Newmont (TSX: NGT) evidently wanted to take advantage of the recent lift in equity valuations, with the company last night indicating it has already begun the process of monetizing equity that they received through their asset disposition program.
Newmont has entered into agreements to sell off their interests in both Greatland Resources and Discovery Silver for total cash consideration of $470 million.
Greatland Resources in September acquired the Telfer operation as well as the Havieron gold-copper project from Newmont. Total consideration under that transaction was $475 million, of which $167.5 million was settled in the form of equity. Discovery Silver meanwhile in January acquired the Porcupine Complex for $425 million in total consideration, of which equity consideration amounted to $75 million.
READ: Newmont Sells 50.5 Million Shares In Discovery Silver Despite Claimed One-Year Lock-Up Arrangement
Newmont has indicated they saw a return of 230% on the sale of their Greatland Resources shares, with Newmont still retaining a 9.9% equity interest.
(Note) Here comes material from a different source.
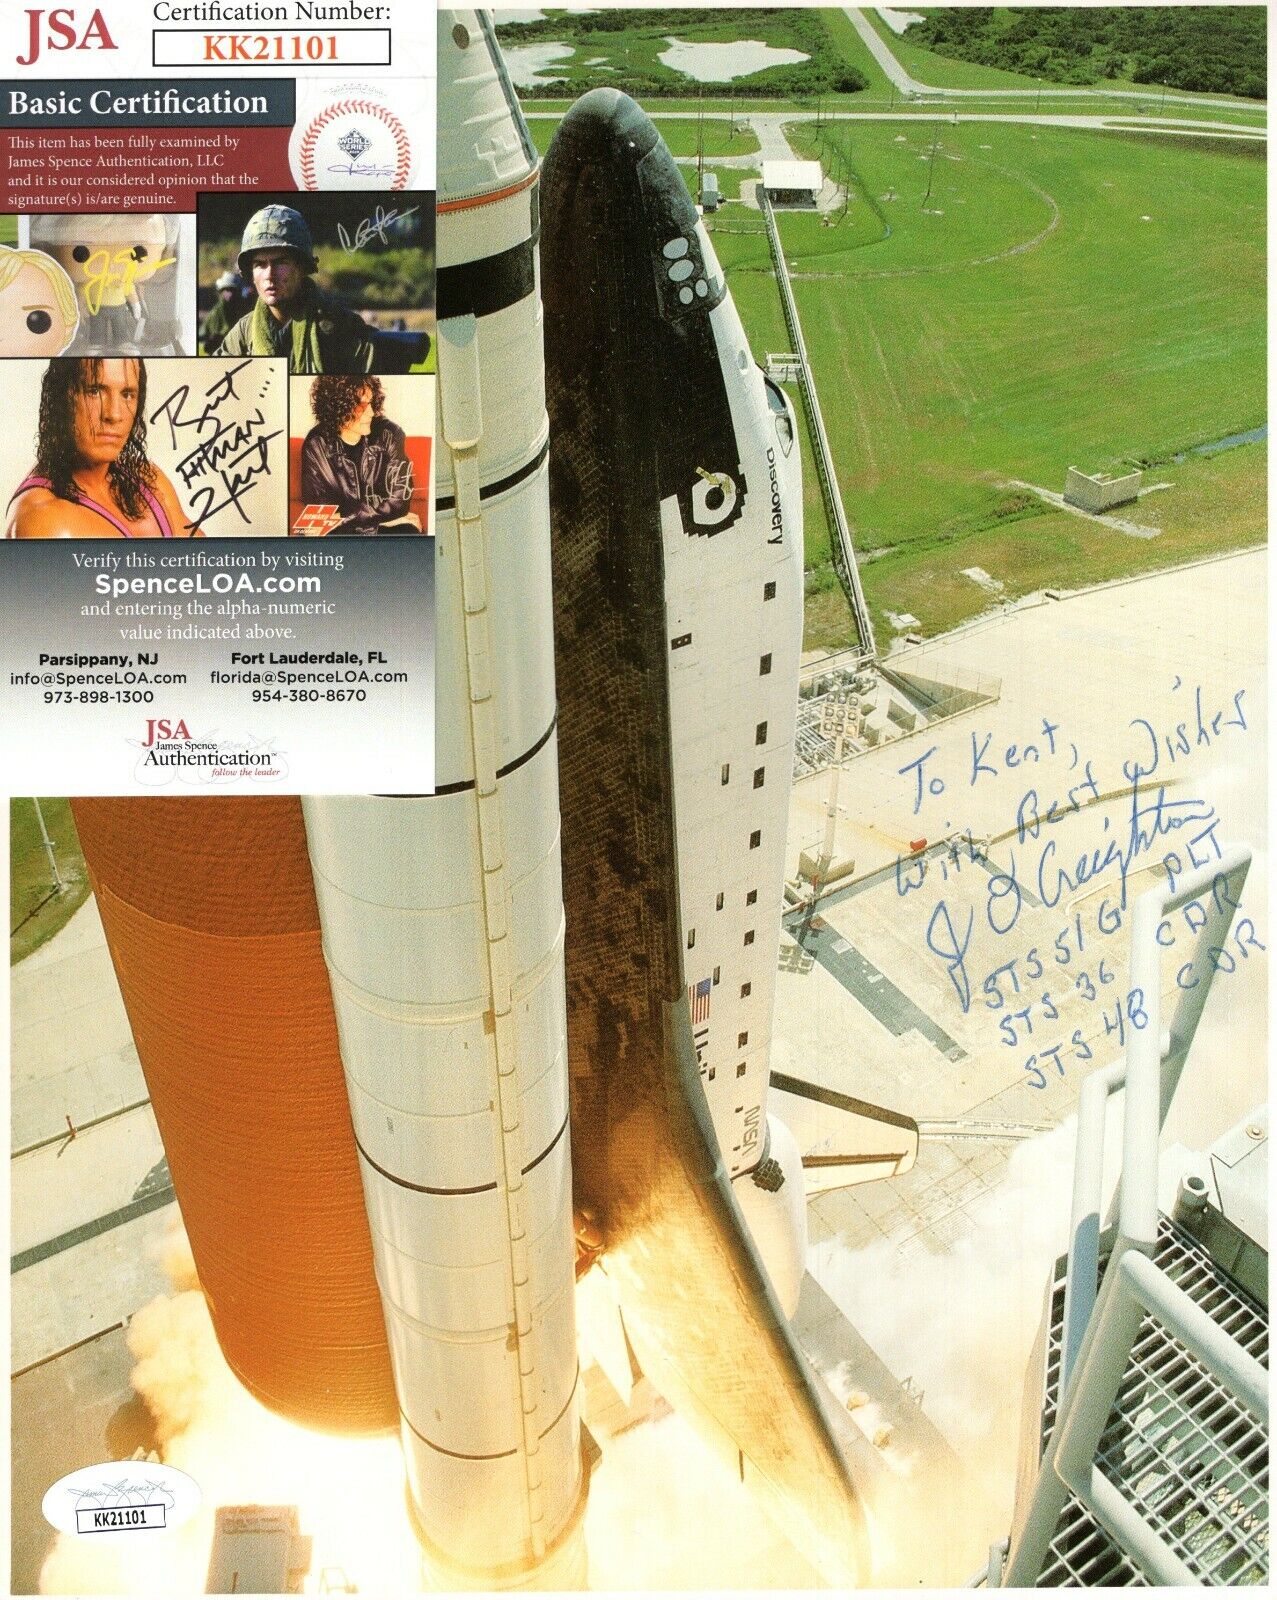 John Creighton NASA Astronaut Signed Autograph NASA Cardstock Photo Poster painting 8x10 JSA COA

The company meanwhile saw a 200% return from the sale of all Discovery shares they held, with those shares sold off in two transactions that occurred in May 2025 and July 2025.
With the sale of the equity interests, Newmont now expects to generate $3.0 billion in after-tax cash proceeds from the divestiture program this year.
The company at the same time indicated they remain on track to deliver on 2025 guidance, The announcement followed news breaking earlier in the day that CFO Karyn Ovelmen had resigned unexpectedly from the company, after having been at the company for a little over two years.
Newmont last traded at $78.68 on the TSX.